New Minister of the Environment Petr Kalaš (unaffiliated) is urging power provider ČEZ, 67 percent owned by the state, to invest proceeds from carbon credit trading into the development of renewable sources.

Currently, 4 percent of electricity output comes from renewable sources, such as wind, hydroelectric, solar or biomass products. The Czech Republic has a goal of doubling this to 8 percent by 2010, although now it’s only on target to reach 6 percent by that time, Ladislav Pazdera, head of the Ministry of Industry and Trade’s ecological energy department, has said.

By 2020, the European Union aims to raise “green” electricity to 20 percent of total output.

In 2005, ČEZ produced 1.6 terrawatt hours of renewable energy. In H1 this year the producer raised renewable output year-on-year to 1.17 terrawatt hours from 0.89 terrawatt hours. Wind power dropped by a third year-on-year, which the company attributed to aging wind farms.

ČEZ will invest nearly Kč 30 billion (E 1 billion) over the next 15 years into renewable sources, with two-thirds of that going to the development of wind farms, and has prepared three plans to increase output between a minimum 20 percent to 1.9 terrawatt hours or a maximum 100 percent to 3.2 terrawatt hours by the end of the decade.

Kalaš met with ČEZ chairman Martin Roman last week to discuss the issue and urge the power company to invest more into modern technologies to reduce carbon dioxide (CO2) emissions. “We’re contemplating steps to implement [the environment minister’s proposals],” ČEZ spokeswoman Eva Nováková told the Czech News Agency (ČTK).

The government is currently completing a national allocation plan for CO2 credits for the second phase of the EU’s emissions trading scheme.

ČEZ had a surplus of 2.6 million CO2 credits last year and earned Kč 1.1 billion from trading.
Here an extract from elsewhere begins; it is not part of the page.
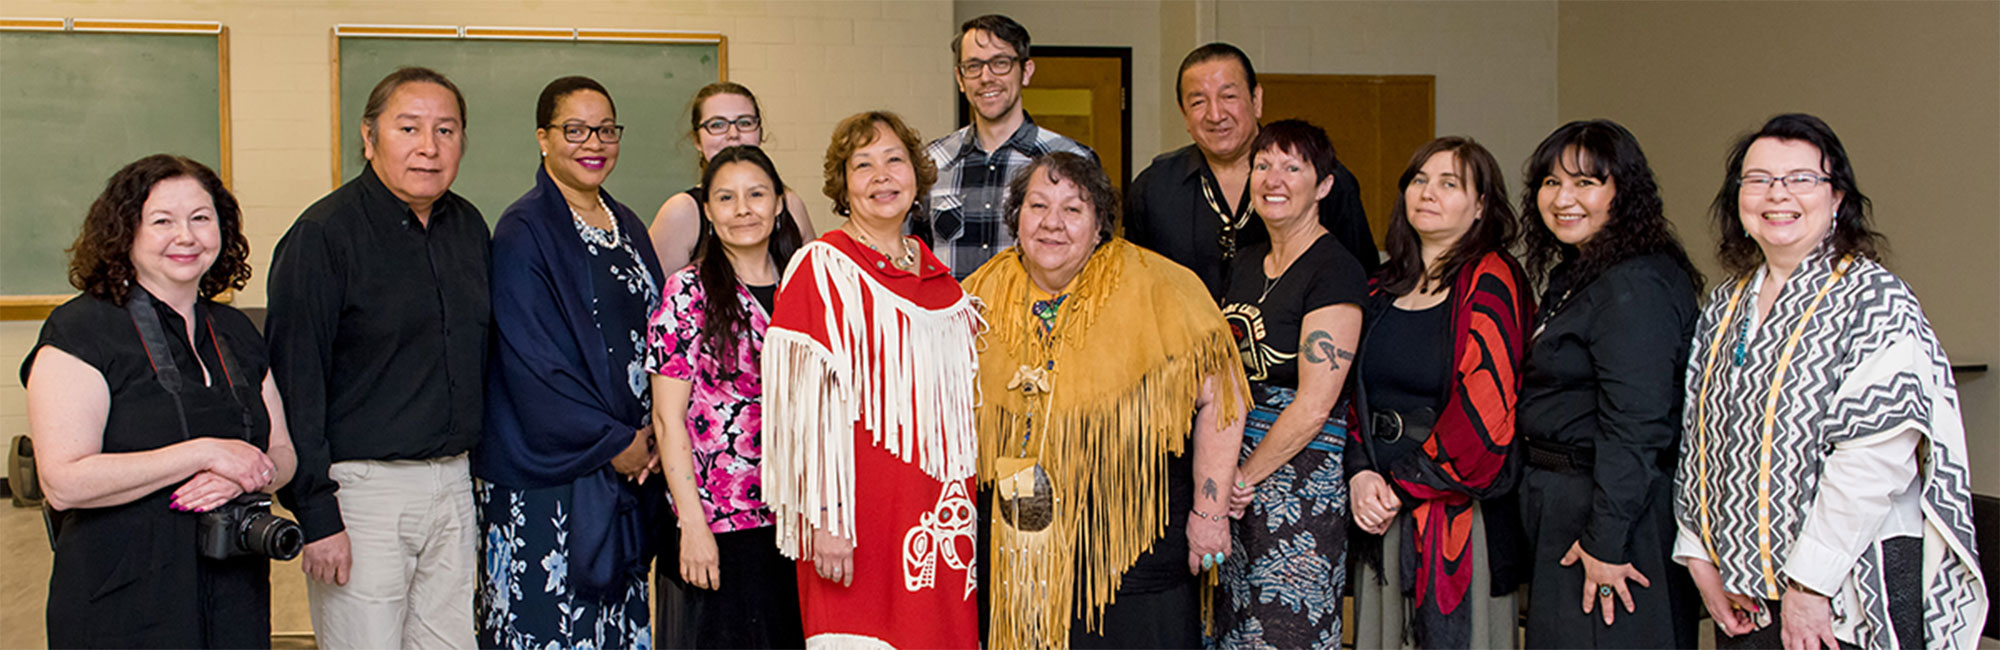 Aboriginal Education Council and York University representatives

The power provider expects more this year, ČEZ’s executive director for sales and trading Alan Svoboda told CBW in August. “We will have more because we’ve reduced production in coal units,” he said. As of March 31 this year, ČEZ had Kč 234 million in emission rights assets.

cbw.cz

This article is the work of the source indicated. Any opinions expressed in it are not necessarily those of National Wind Watch.

The copyright of this article resides with the author or publisher indicated. As part of its noncommercial educational effort to present the environmental, social, scientific, and economic issues of large-scale wind power development to a global audience seeking such information, National Wind Watch endeavors to observe “fair use” as provided for in section 107 of U.S. Copyright Law and similar “fair dealing” provisions of the copyright laws of other nations. Send requests to excerpt, general inquiries, and comments via e-mail.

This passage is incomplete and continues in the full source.